Your answer must be the full listing below, repeated exactly, with no pictures in it.

DATASET EXTRACT
----
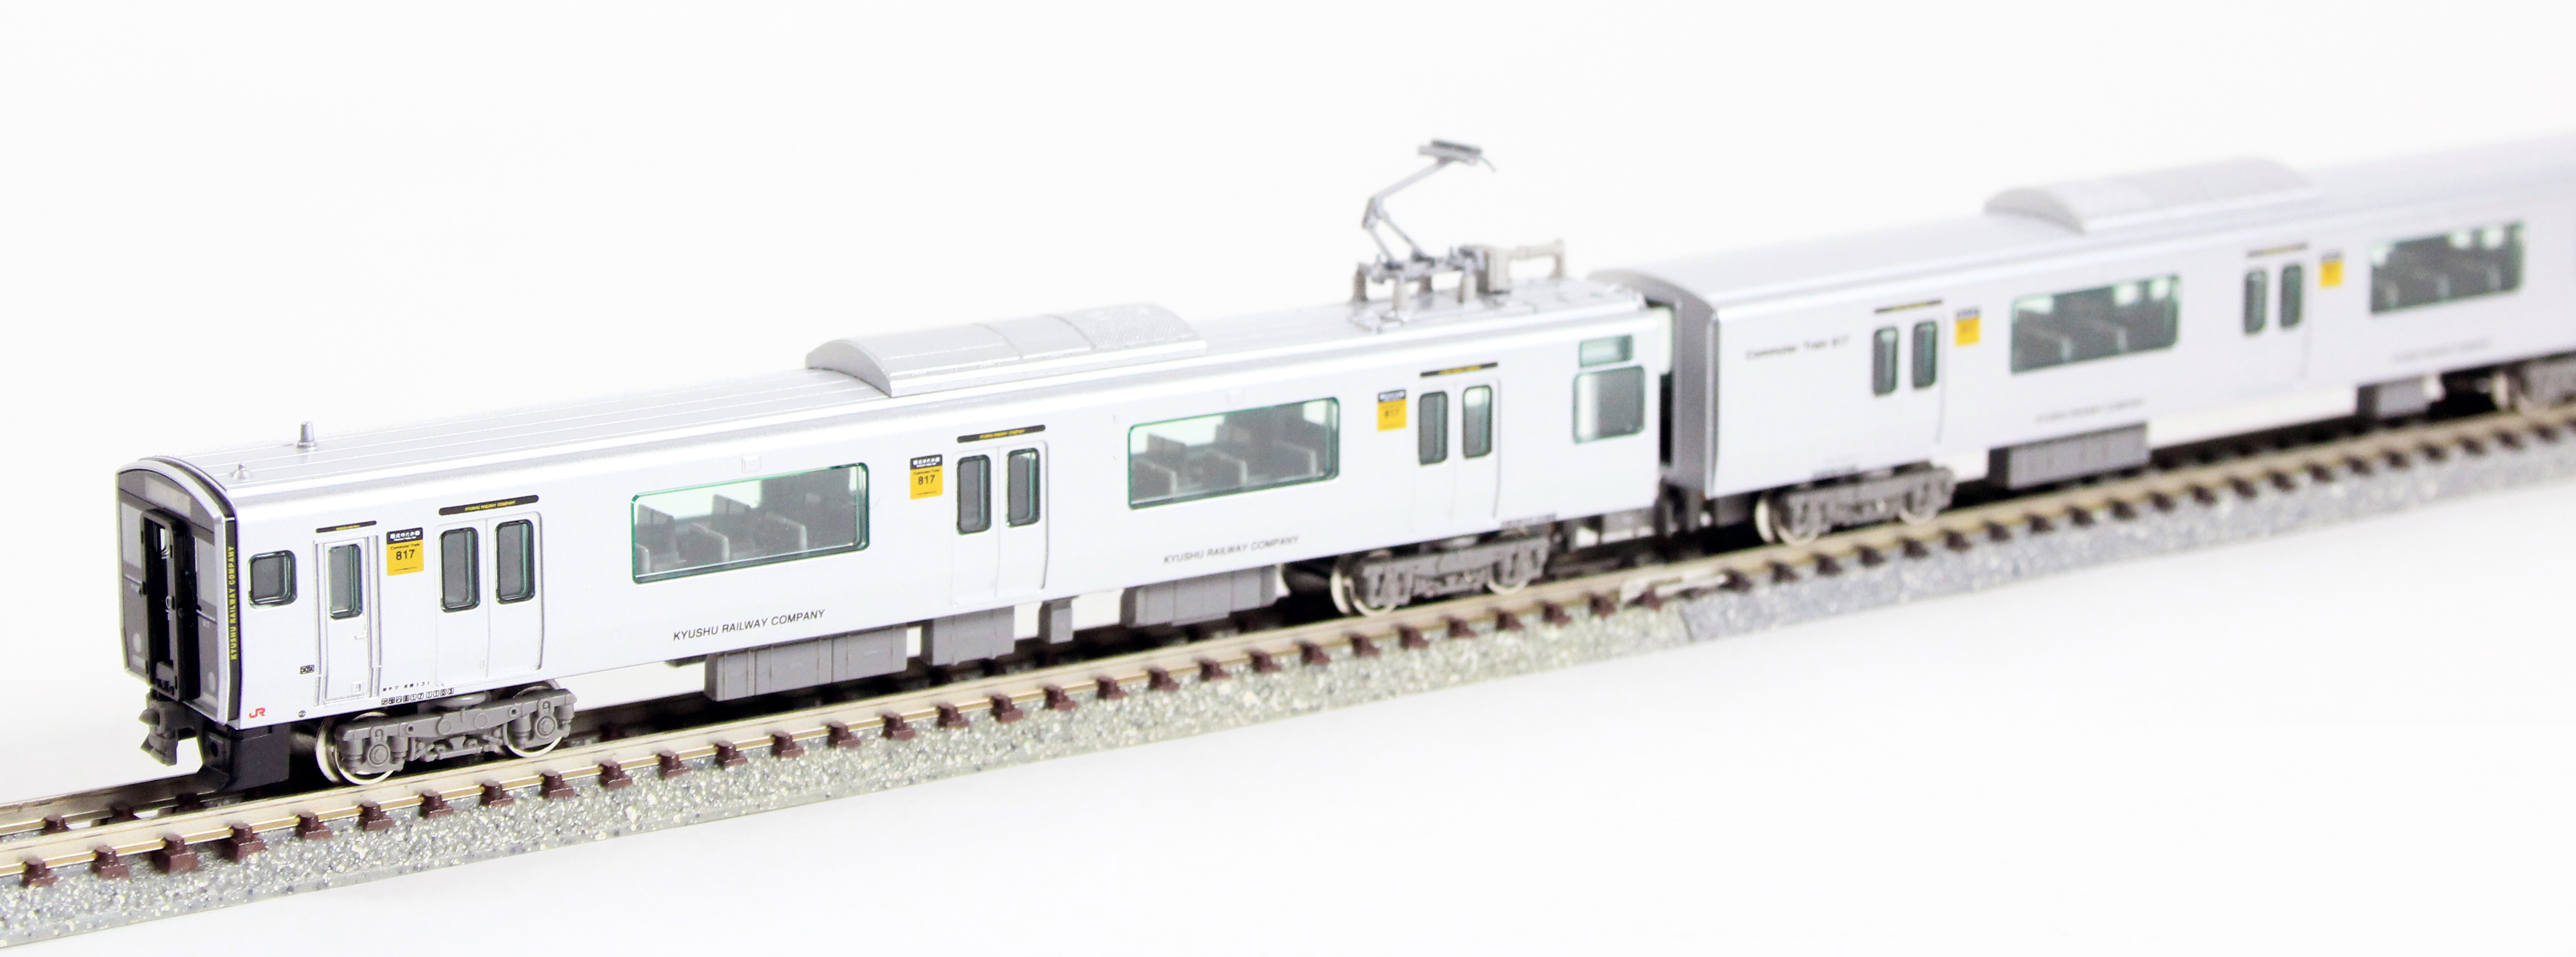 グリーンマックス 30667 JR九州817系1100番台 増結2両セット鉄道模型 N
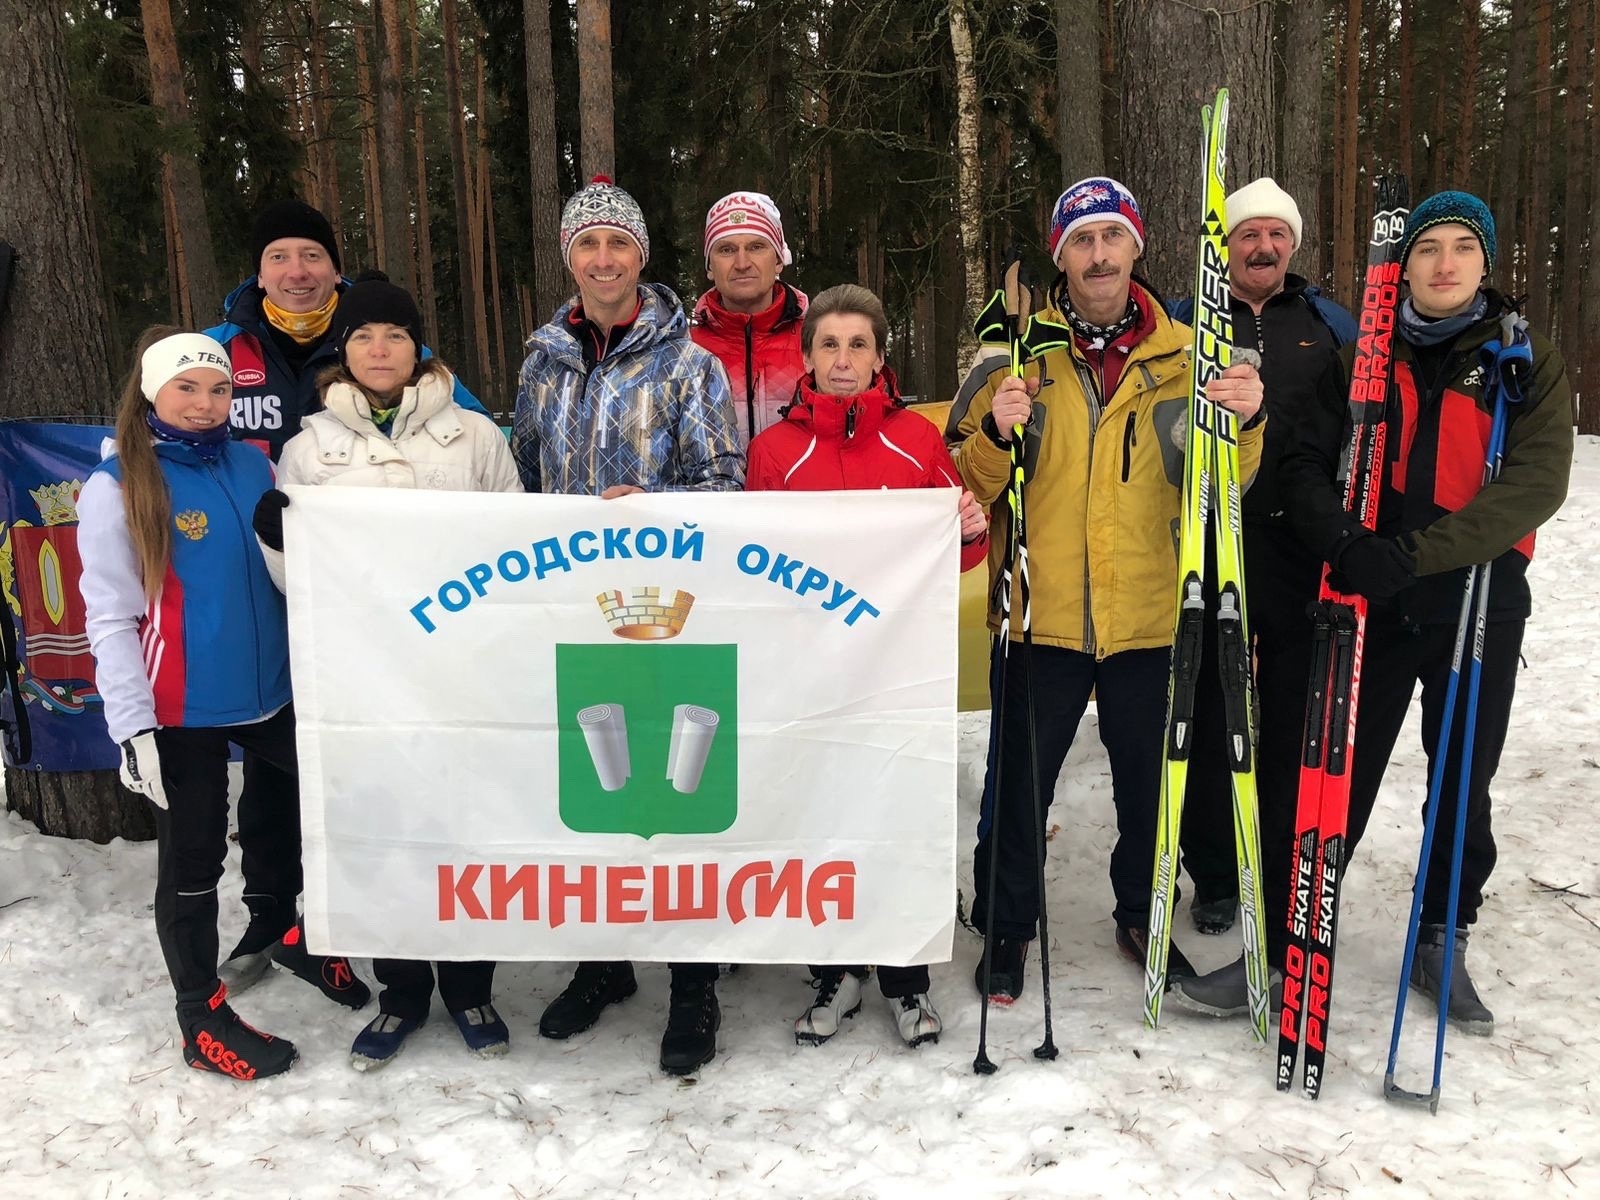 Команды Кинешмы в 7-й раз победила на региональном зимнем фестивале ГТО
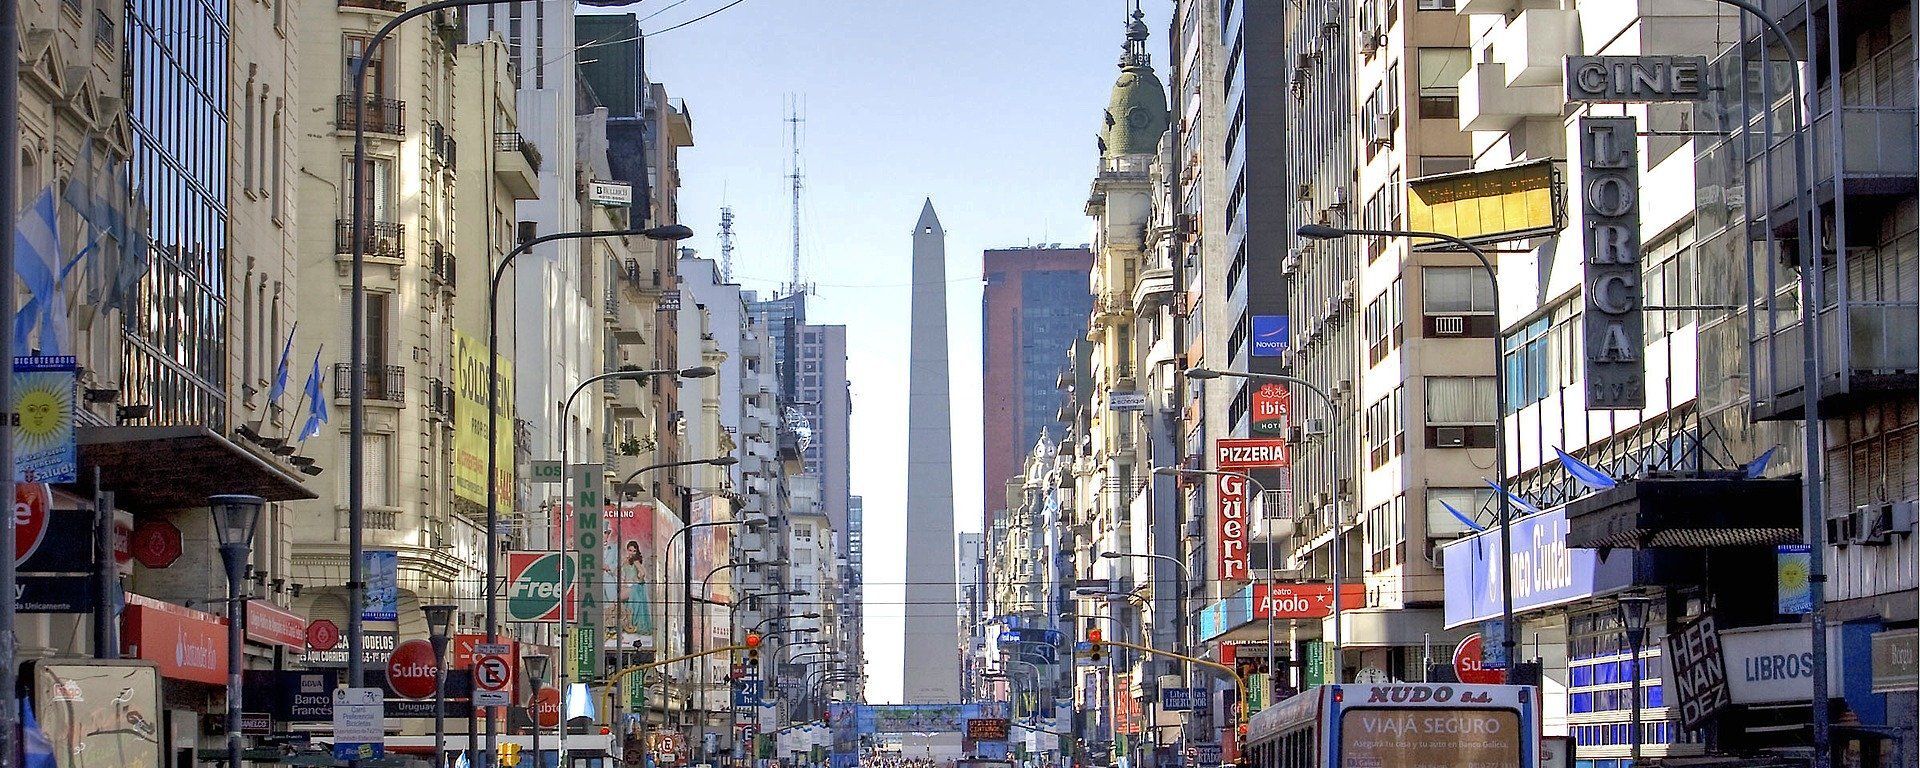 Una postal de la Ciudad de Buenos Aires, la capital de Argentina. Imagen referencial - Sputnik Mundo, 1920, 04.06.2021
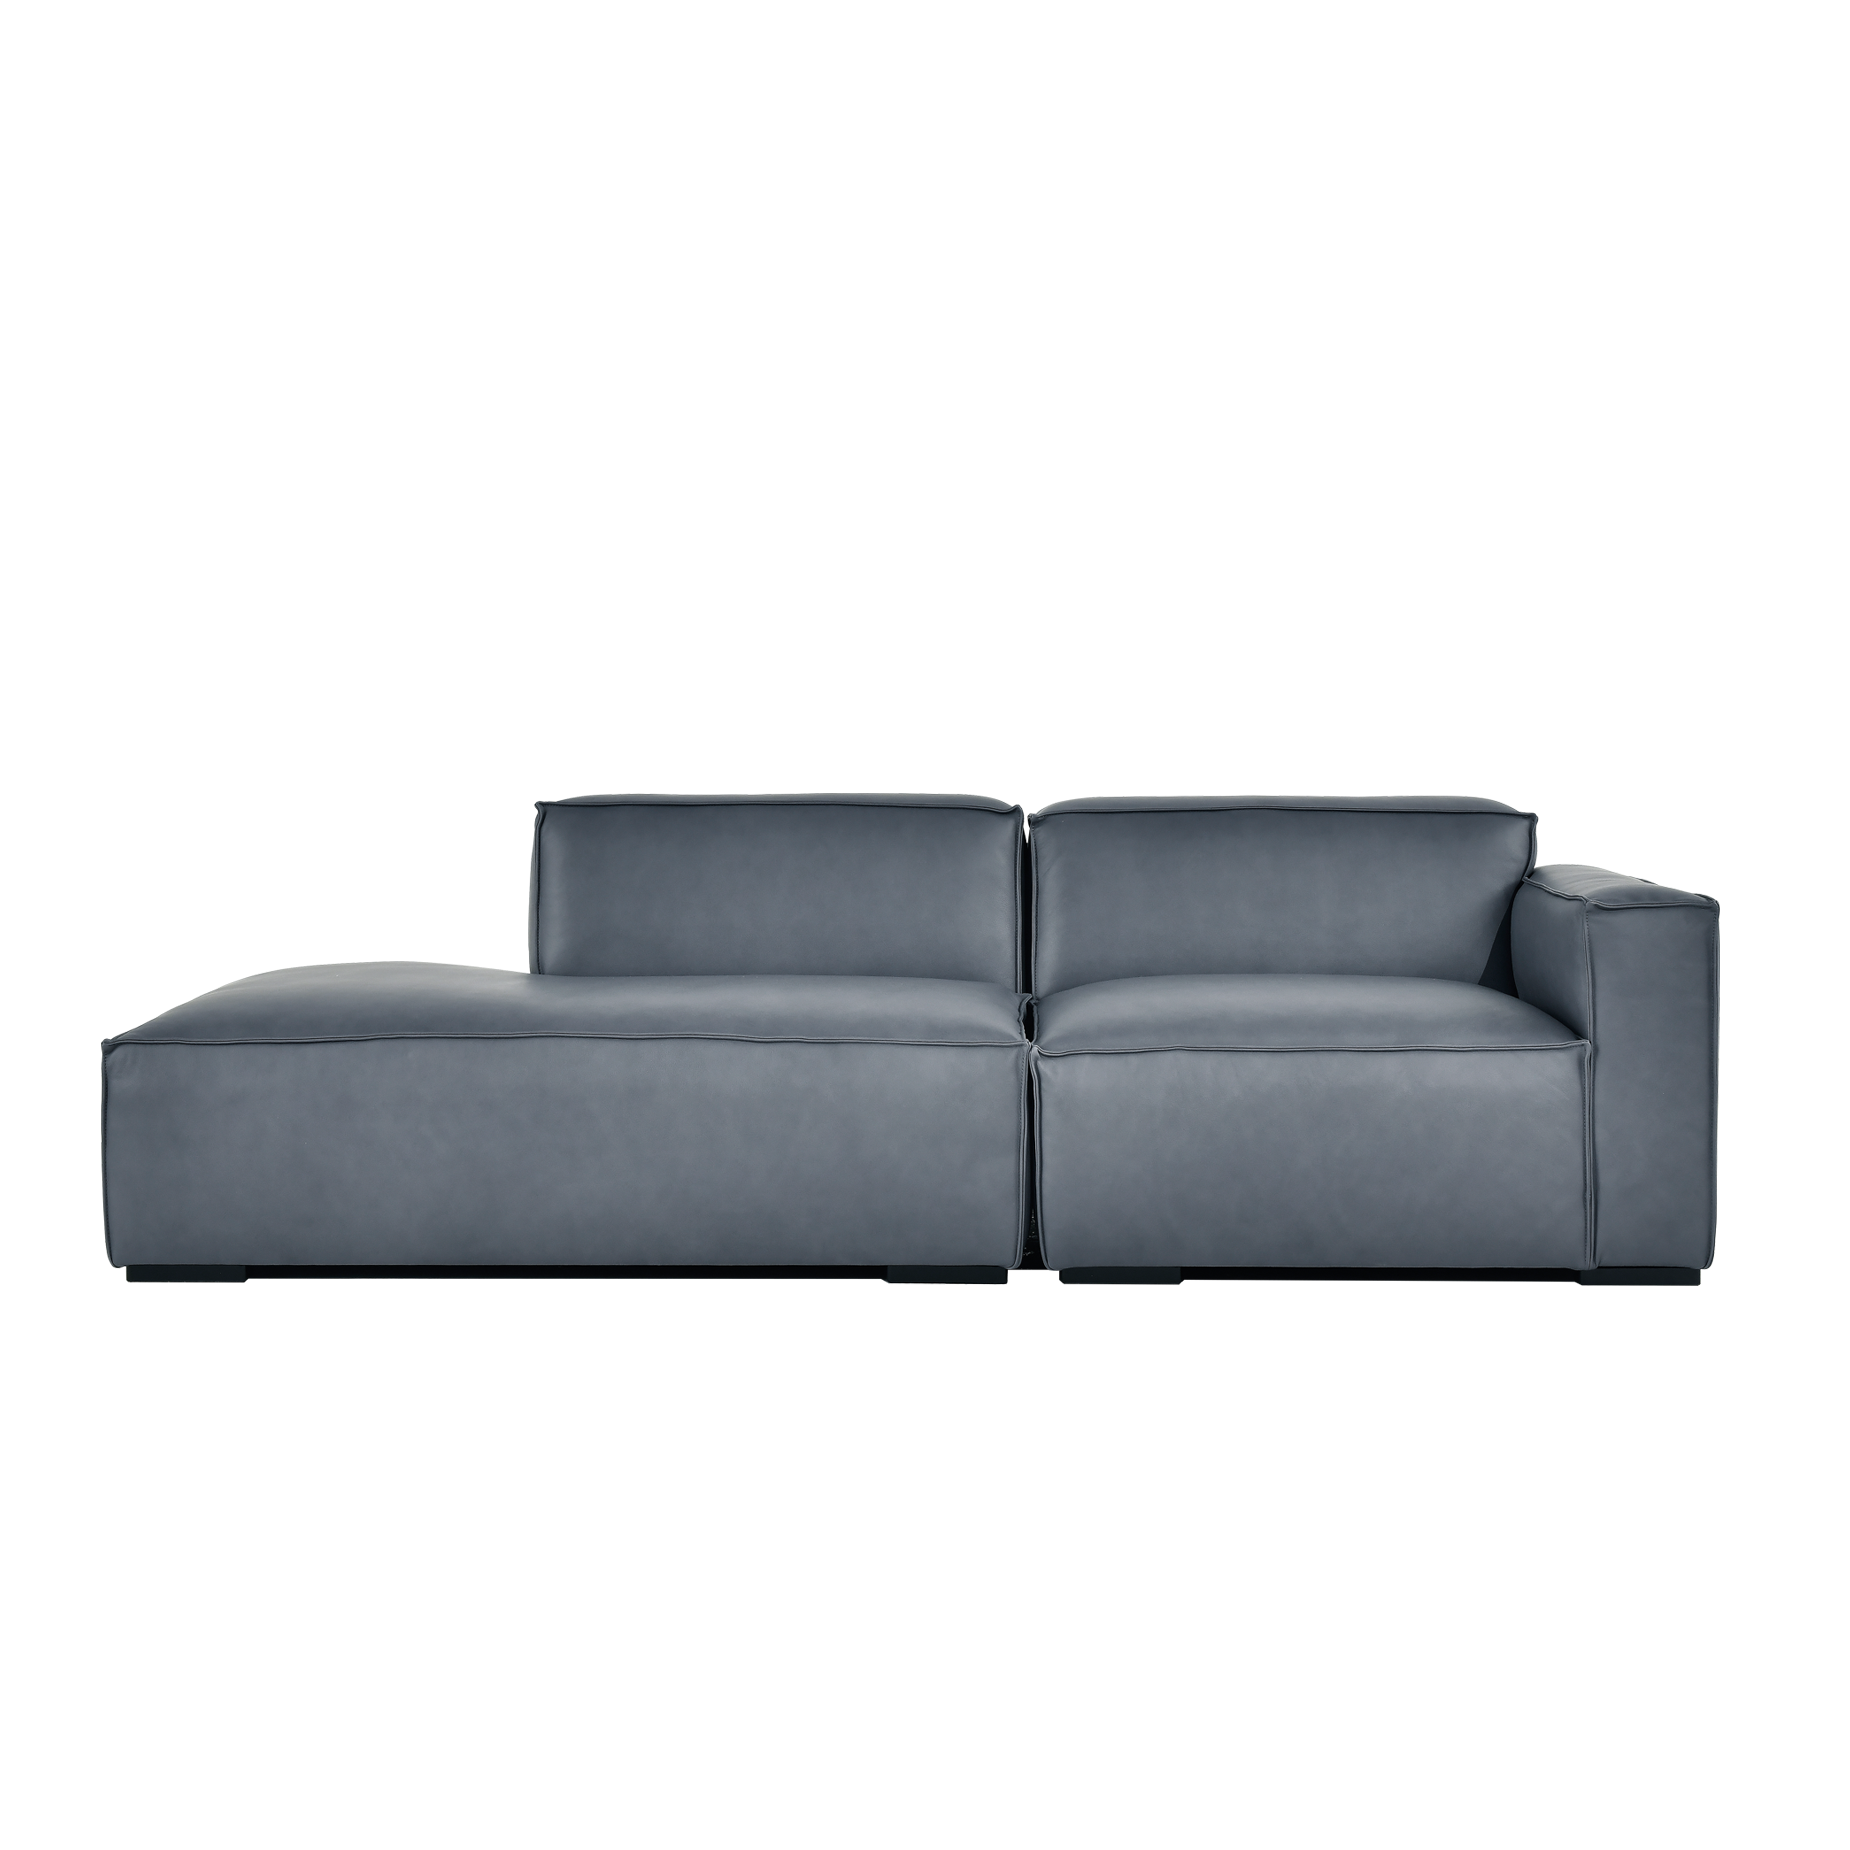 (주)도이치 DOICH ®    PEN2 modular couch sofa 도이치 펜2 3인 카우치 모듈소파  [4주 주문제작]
----
ANSWER SPACE
 グリーンマックス 30667 JR九州817系1100番台 増結2両セット鉄道模型 N
 Команды Кинешмы в 7-й раз победила на региональном зимнем фестивале ГТО
 Una postal de la Ciudad de Buenos Aires, la capital de Argentina. Imagen referencial - Sputnik Mundo, 1920, 04.06.2021
 (주)도이치 DOICH ®    PEN2 modular couch sofa 도이치 펜2 3인 카우치 모듈소파  [4주 주문제작]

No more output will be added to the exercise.